Did you know those lions in front of 42nd St library are called Patience and Fortitude? In grad school, I’d walk the few blocks from The Graduate Center and set myself on those steps to eat lunch and read my seminar’s assigned readings. I never knew they had names. Until so many years later, someone told me that finishing a book took both patience and fortitude.
Those words made so much sense as I finished up these two book talks in New York City. This place, a home to the words and ideas in The Labor of Care, often seemed chaotic and unruly. During research, I couldn’t figure out how all the pieces would fit together, if the work would every yield anything important, and even, if I’d get a job after all was said and done. Walking NYC streets and taking trains reminded me of the very visceral sensibilities that first formed the theories in my book.
And although there were times, I didn’t think I’d finish my PhD, much less transform the ideas into a book, it was patience and fortitude, the names of these lions roaring encouraging words to me, that got me to publication and back to New York. But instead of static statues atop a national monument, the roaring lions were the domestic workers whose stories I was telling, the community organizations that deemed the work important enough to invest time and effort, friends, mentors and family who believed I could turn the work into something important. I’m so grateful for them.

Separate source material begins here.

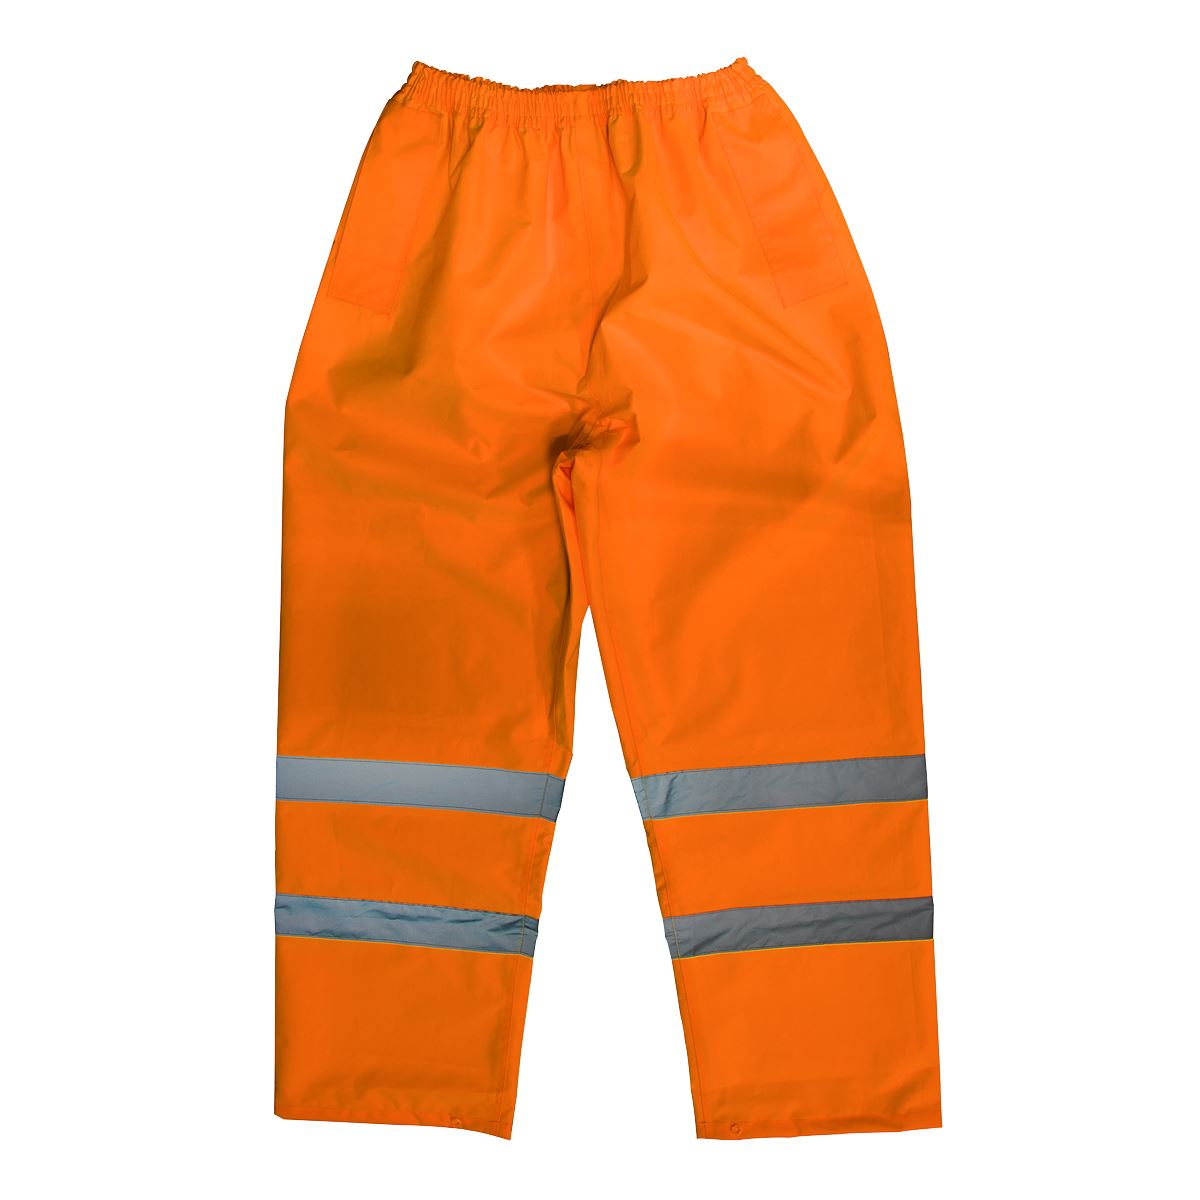 Worksafe by Sealey Hi-Vis Orange Waterproof Trousers - X-Large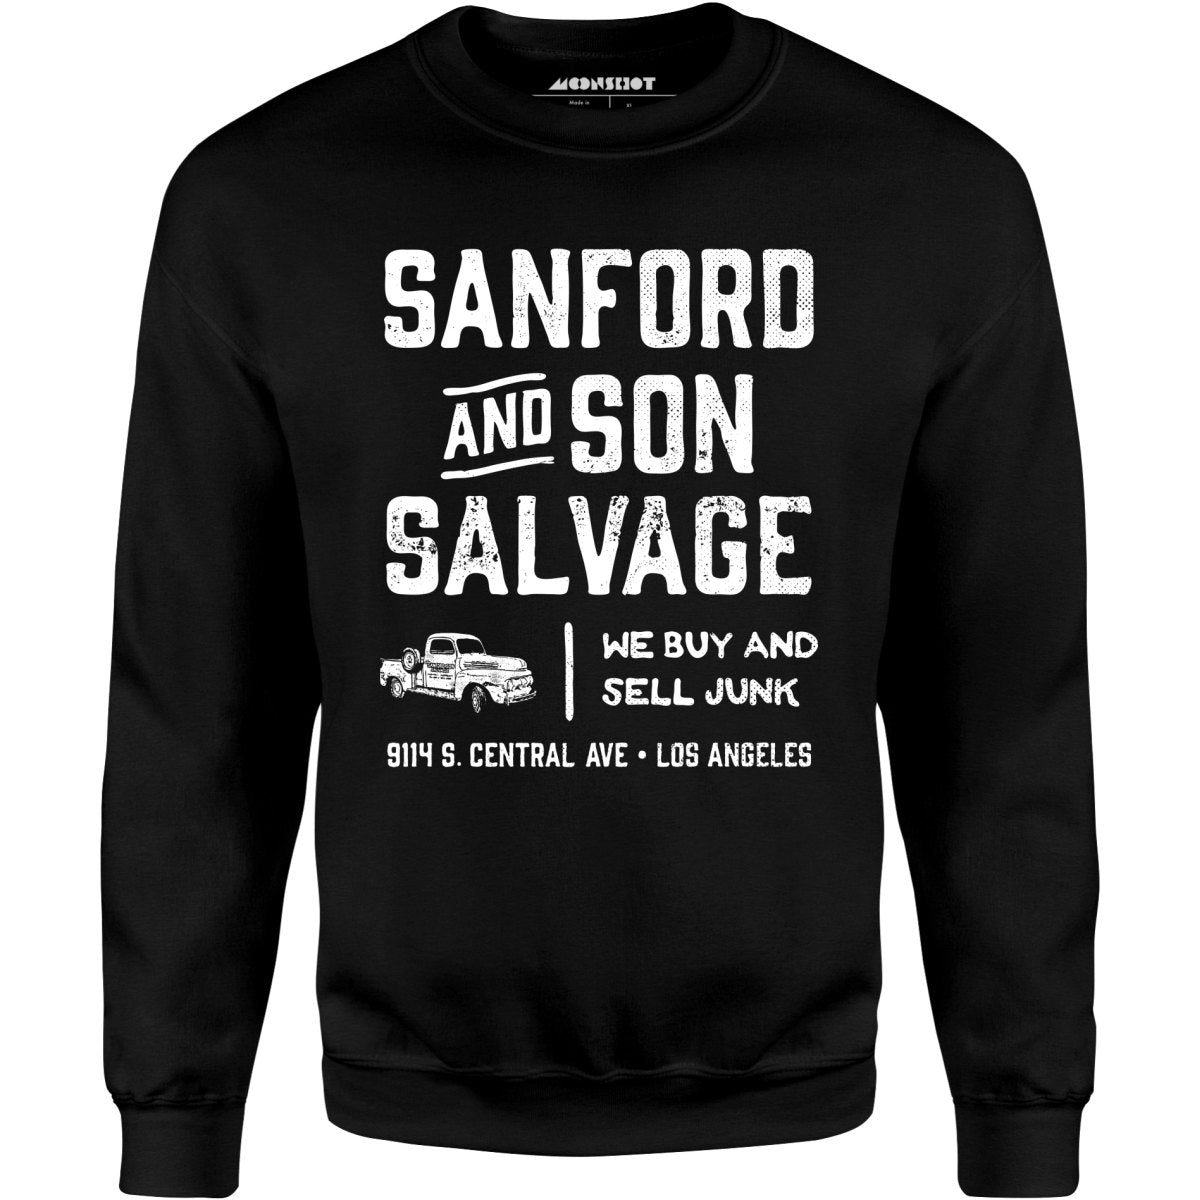 Sanford and Son Salvage - Unisex Sweatshirt

Going to New York City to give this book back to those who gave me the responsibility of telling their stories was an absolute gift. Being in the Skylight Room at the Graduate Center talking the book’s ideas over with Premilla Nadasen and Michelle Saulon Luat of MIGRANTE NYC was delightful. We built out the ideas of scholar-activism and the importance of care work in community organizing. We recognized the neoliberal moment/crisis that forces so many families to be separated. And at the end, I felt so honored to have two amazing women, committed to the very same social justice values I hold dear, to discuss the work.
Lastly, it was such a thrill to bring my children and partner, Raul, to NYC for this momentous occasion. We walked to road as a family of four carving out new roads and ways for our families to make sense of the city. Patience and fortitude was needed it that as well!